The carriage of interleukin-1B-31*C allele plus Staphylococcus aureus and Haemophilus influenzae increases the risk of recurrent tonsillitis in a Mexican population.

The aim of the present study was to estimate the relative contribution of immunogenetic and microbiological factors in the development of recurrent tonsillitis in a Mexican population. Patients (n = 138) with recurrent tonsillitis and an indication of tonsillectomy (mean age: 6.05 years ± 3.00; median age: 5 years, female: 58; age range: 1-15 years) and 195 non-related controls older than 18 years and a medical history free of recurrent tonsillitis were included. To evaluate the microbial contribution, tonsil swab samples from both groups and extracted tonsil samples from cases were cultured. Biofilm production of isolated bacteria was measured. To assess the immunogenetic component, DNA from peripheral blood was genotyped for the TNFA-308G/A single-nucleotide polymorphism (SNP) and for the IL1B -31C/T SNP. Normal microbiota, but no pathogens or potential pathogens, were identified from all control sample cultures. The most frequent pathogenic species detected in tonsils from cases were Staphylococcus aureus (48.6%, 67/138) and Haemophilus influenzae (31.9%, 44/138), which were found more frequently in patient samples than in samples from healthy volunteers (P < 0.0001). Importantly, 41/54 (75.9%) S. aureus isolates were biofilm producers (18 weak and 23 strong), whereas 17/25 (68%) H. influenzae isolates were biofilm producers (10 weak, and 7 strong biofilm producers). Patients with at least one copy of the IL1B-31*C allele had a higher risk of recurrent tonsillitis (OR = 4.03; 95% CI = 1.27-14.27; P = 0.013). TNFA-308 G/A alleles were not preferentially distributed among the groups. When considering the presence of IL1B-31*C plus S. aureus, IL1B-31*C plus S. aureus biofilm producer, IL1B-31*C plus H. influenzae or IL1B-31*C plus H. influenzae biofilm producer, the OR tended to infinite. Thus, the presence of IL1B-31*C allele plus the presence of S. aureus and/or H. influenzae could be related to the development of tonsillitis in this particular Mexican population.

Introduction

Recurrent tonsillitis is a childhood disease that involves the parenchyma of the palatine tonsils. The definition of recurrent disease may vary, but the criteria used at present are the development of 5 or more episodes of true tonsillitis per year, symptoms recurring for at least a year, and episodes that are disabling and that prevent normal functioning [1].

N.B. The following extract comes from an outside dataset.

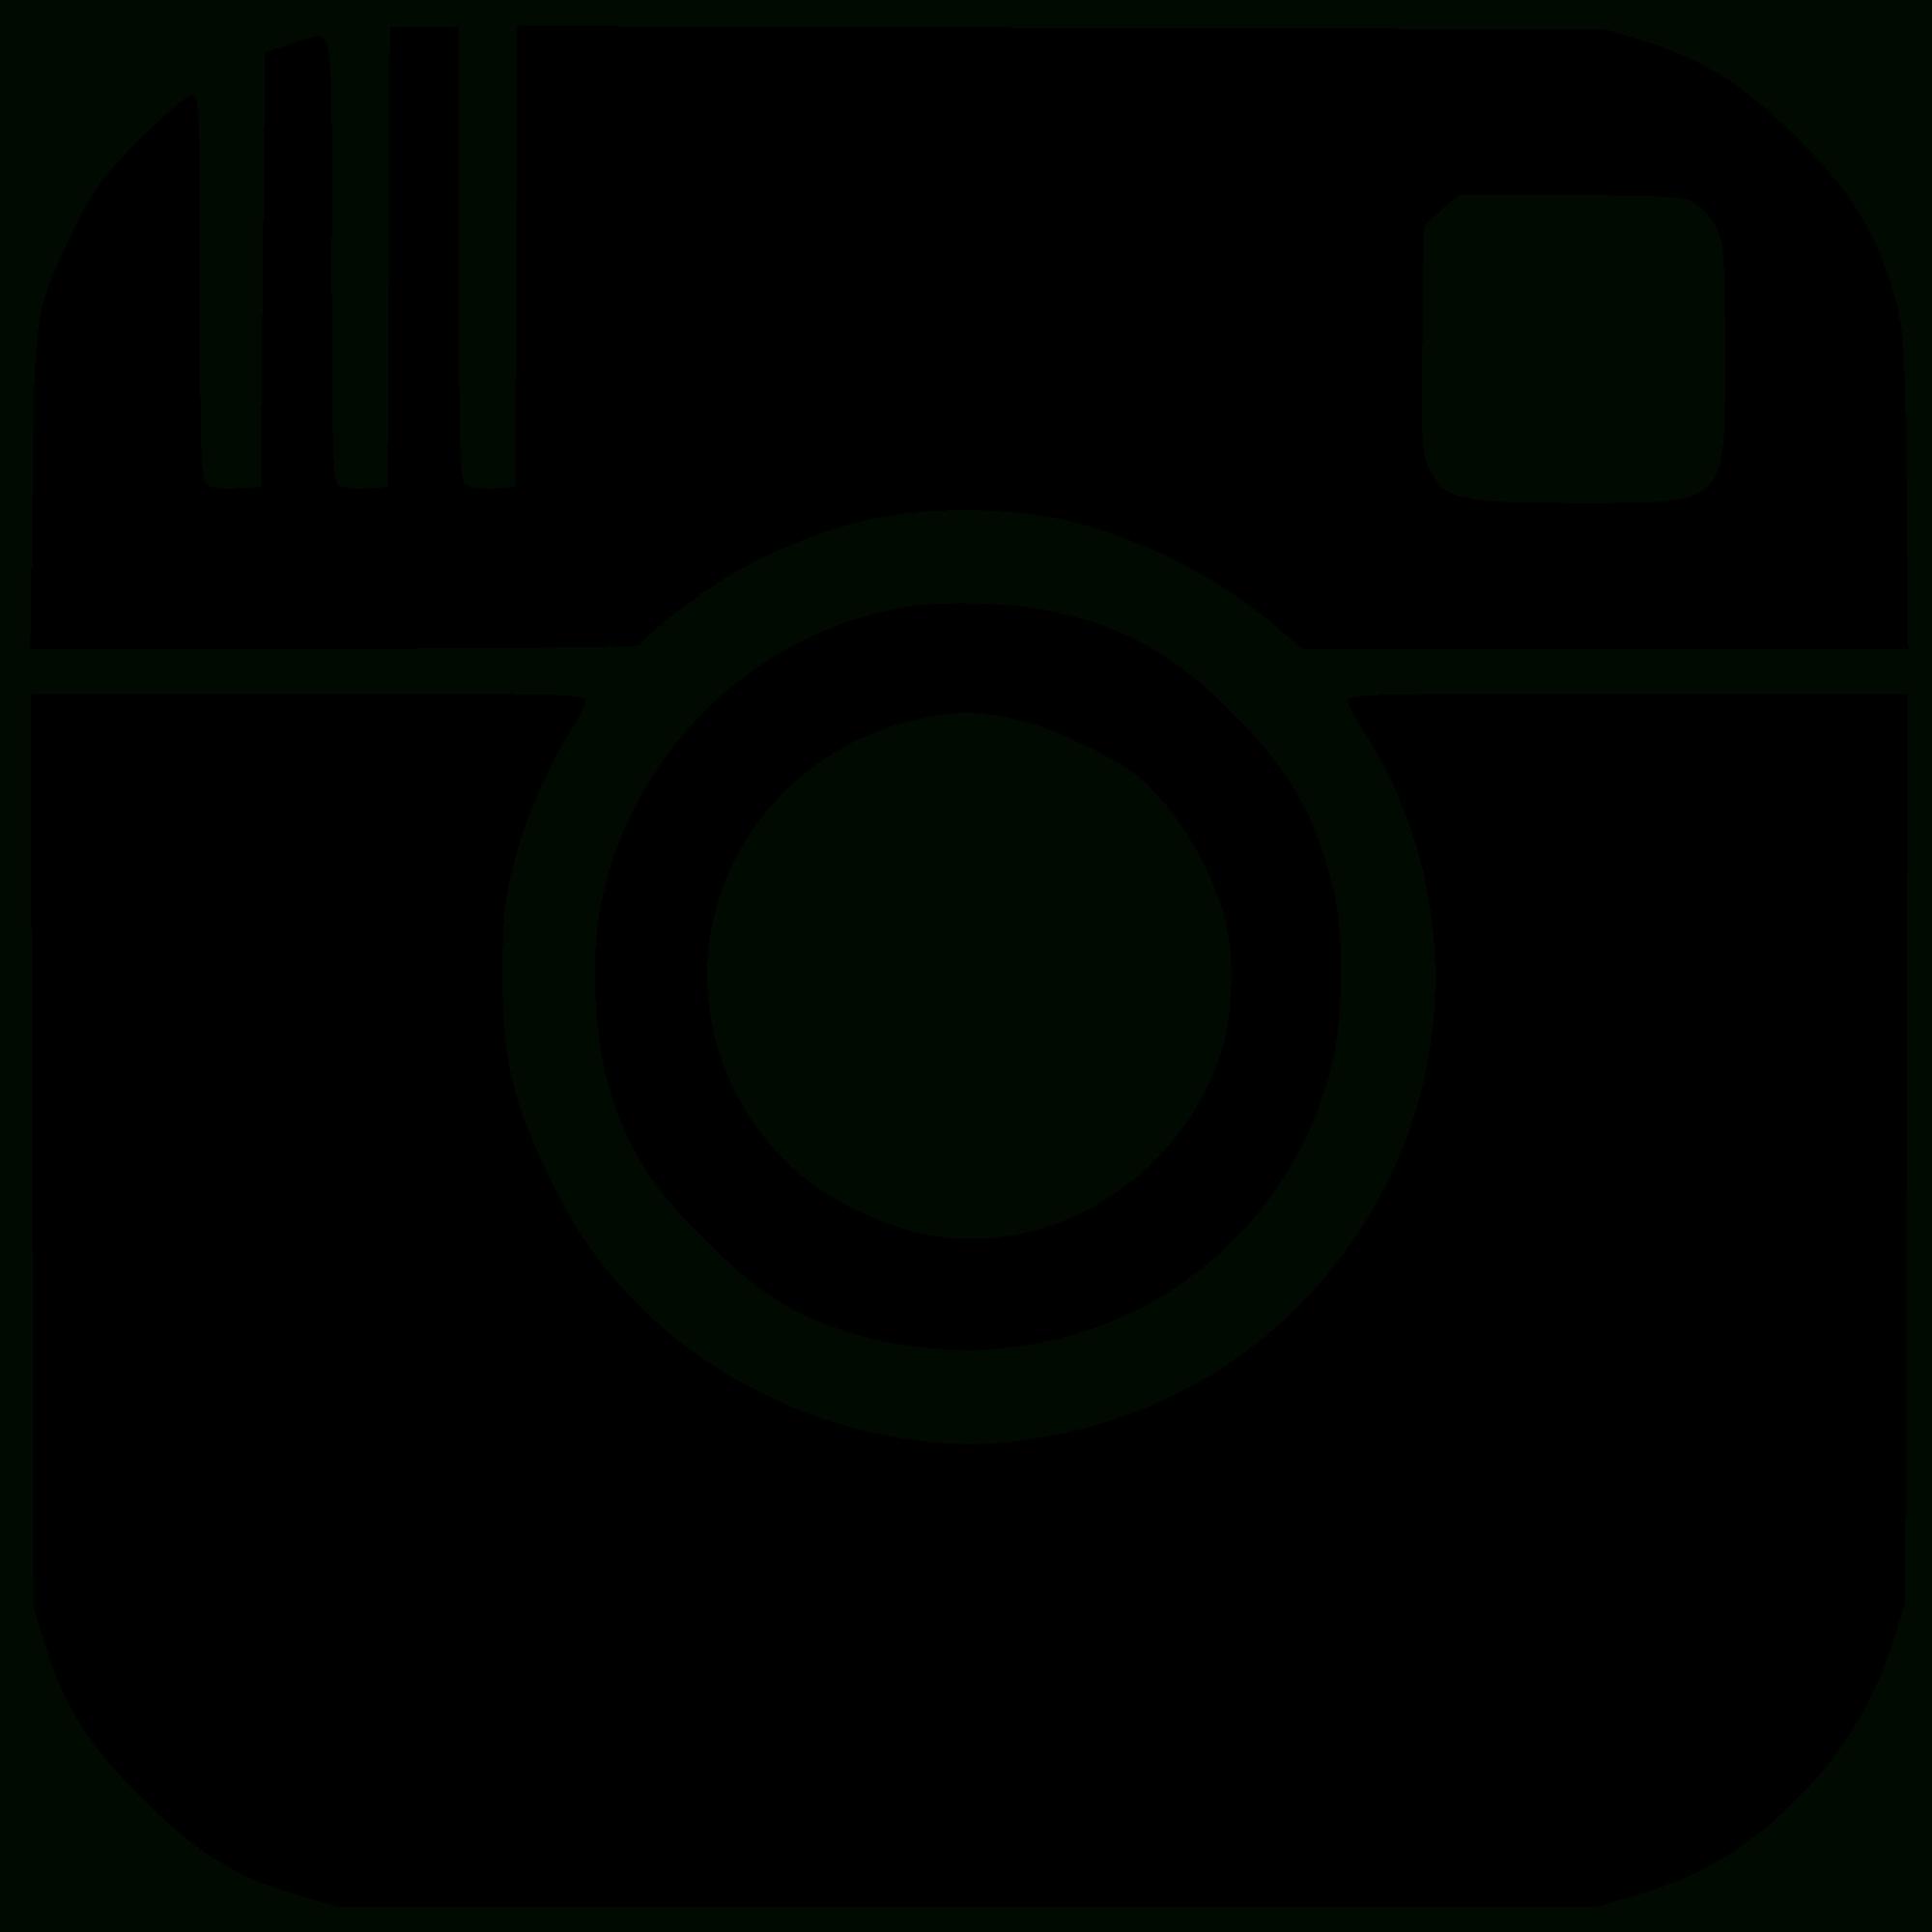 2000x2000 Instagram Logo Black And White Vector Free Design Templates

Most of the upper respiratory tract diseases in childhood tend to improve with time, although recurrent tonsillitis does not resolve spontaneously and requires treatment, with the highest risk of presentation in patients younger than 15 years. Options available for the treatment of recurrent disease are surgical and medical care with equal outcomes [2].

Recurrent tonsillitis has been linked to a wide variety of infectious agents [3], with the most common being Streptococcus pyogenes, followed by Staphylococcus aureus and Haemophilus influenzae [4-6].

In the development of recurrent tonsillitis, the bacterial factor plays an important role, but it may not be the only one, because certain genetic backgrounds may be related to stronger inflammation. Genetic variants of cytokines may alter the inflammatory response, and several genes encoding pro-inflammatory cytokines.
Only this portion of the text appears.